# A Sample of Hardshell doctrine



## fralo4truth (Sep 8, 2011)

I wanted to post something that I think some of you might find interesting. I used to belong to the Primitive Baptist order until I came to see their many errors. Ever since my expulsion I have had little contact with them. In the past couple of months, however, I've been receiving a monthly PB periodical. One of their own has obviously purchased a subscription for me without my knowledge. My guess is they're trying to rescue me from my grave SIN of switching to COLD Calvinism, as they would call it.

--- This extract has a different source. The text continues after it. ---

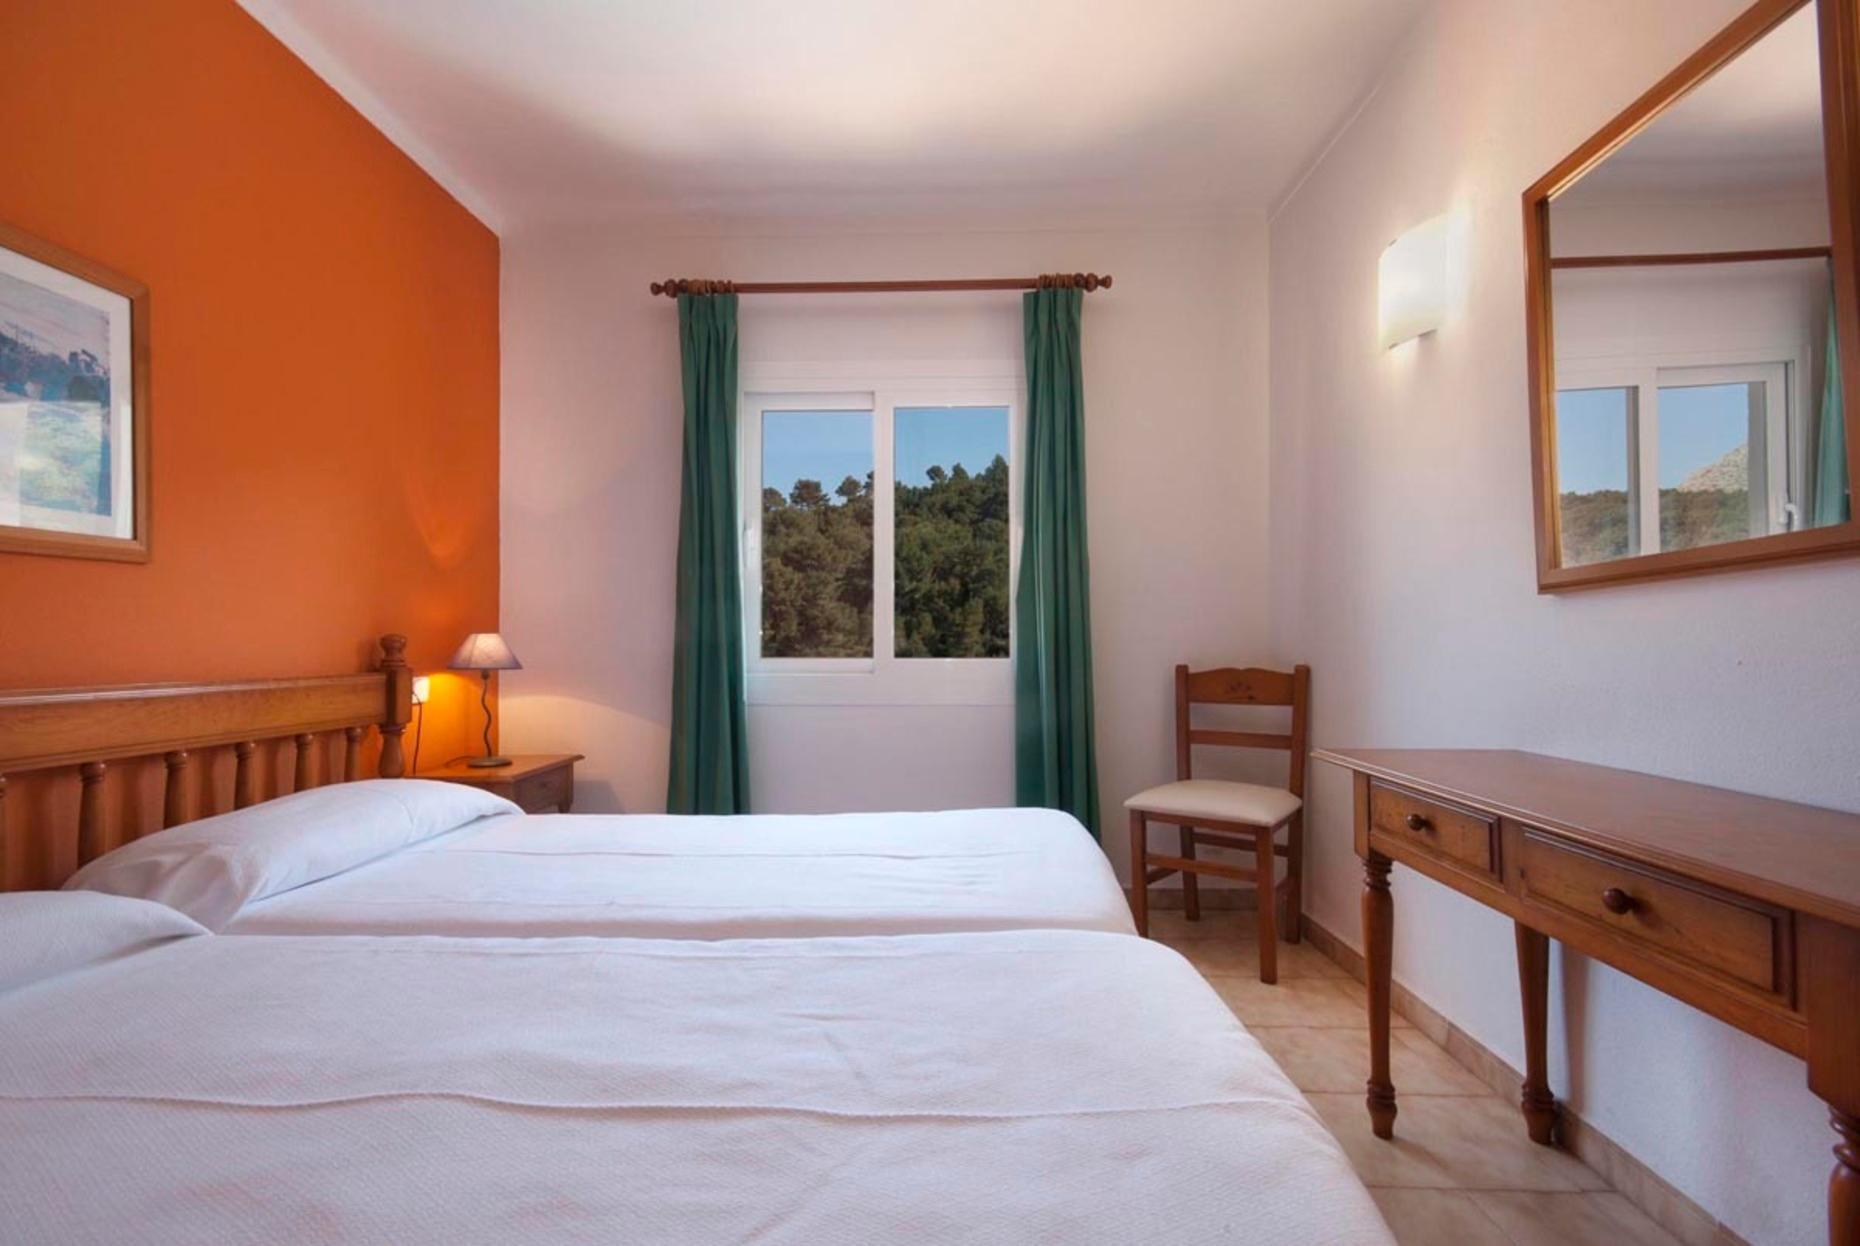 103218 -  Apartment in Cala Sant Vicenç

Let me briefly explain their soteriology so you'll know the relevancy of the following article excerpt. Most of the PB churches have become deeply entrenched in Hyper-Calvinism and deny the gospel as the means of salvation. They believe the overwhelming majority of God's elect will die having never heard the gospel of Christ. The implications of this are tremendous as you can imagine. One of their assertions to uphold their system is by making a distinction between the _effectual call_ and the _gospel call_ where the latter doesn't even happen to take place! Instead of saying that the _effectual _call takes place when the _gospel _call is applied to the heart by God's Spirit, they divide the matter up and say they are two entirely separate things.

Anyway, here's a brief article containing deceptive one-liners which place a dangerous twist on the _ordo salutis_ idea of regeneration preceeding faith. It is similar to it with this one modification: regeneration takes place and faith may never follow, either _logically or chronologically_. 

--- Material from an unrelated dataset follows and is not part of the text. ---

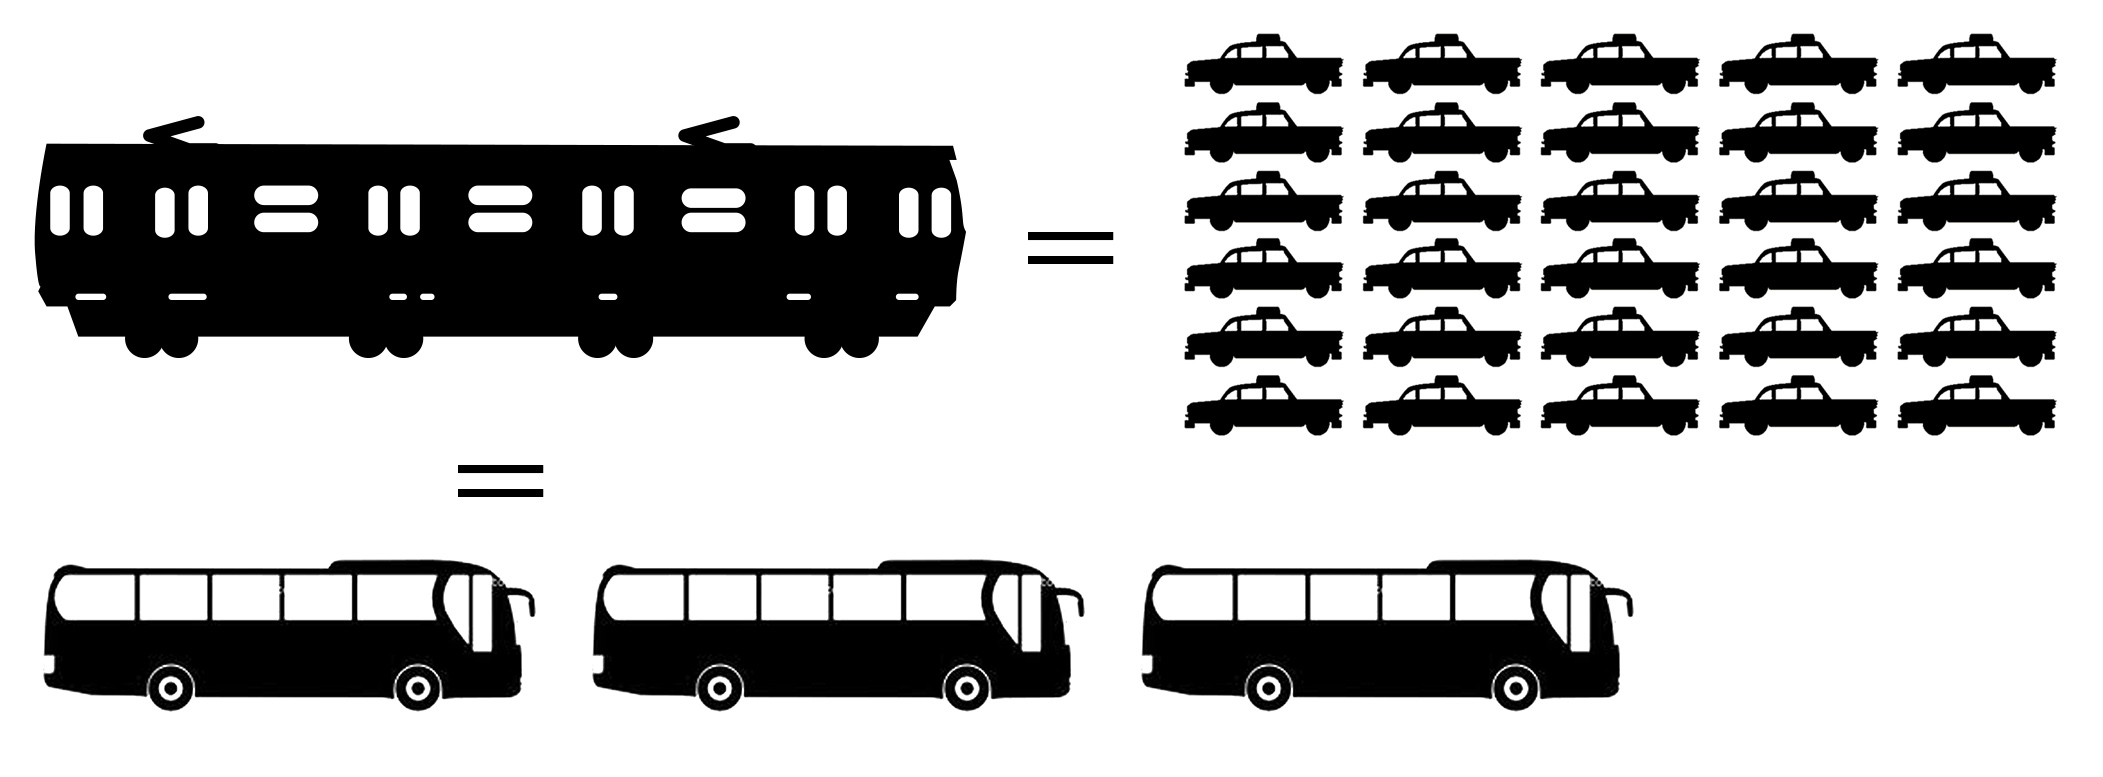 comparison of public transportation options with automobiles

Let me know what you think. I'm very familiar with their teachings as I was in it for some ten years or so. I would be glad to elaborate further on this matter if desired.

*The effectual call...the gospel call*

"The effectual call is a call to eternal salvation; the gospel call is a call to repentance."

"The effectal call is a call to sonship; the gospel call is a call to discipleship."

"God speaks directly in the effectual call; God speaks through men in the gospel call."

"The effectual call is always obeyed; the gospel call may be disobeyed but is met with chastisement."

"The effectual call is a creation; the gospel call is a communication."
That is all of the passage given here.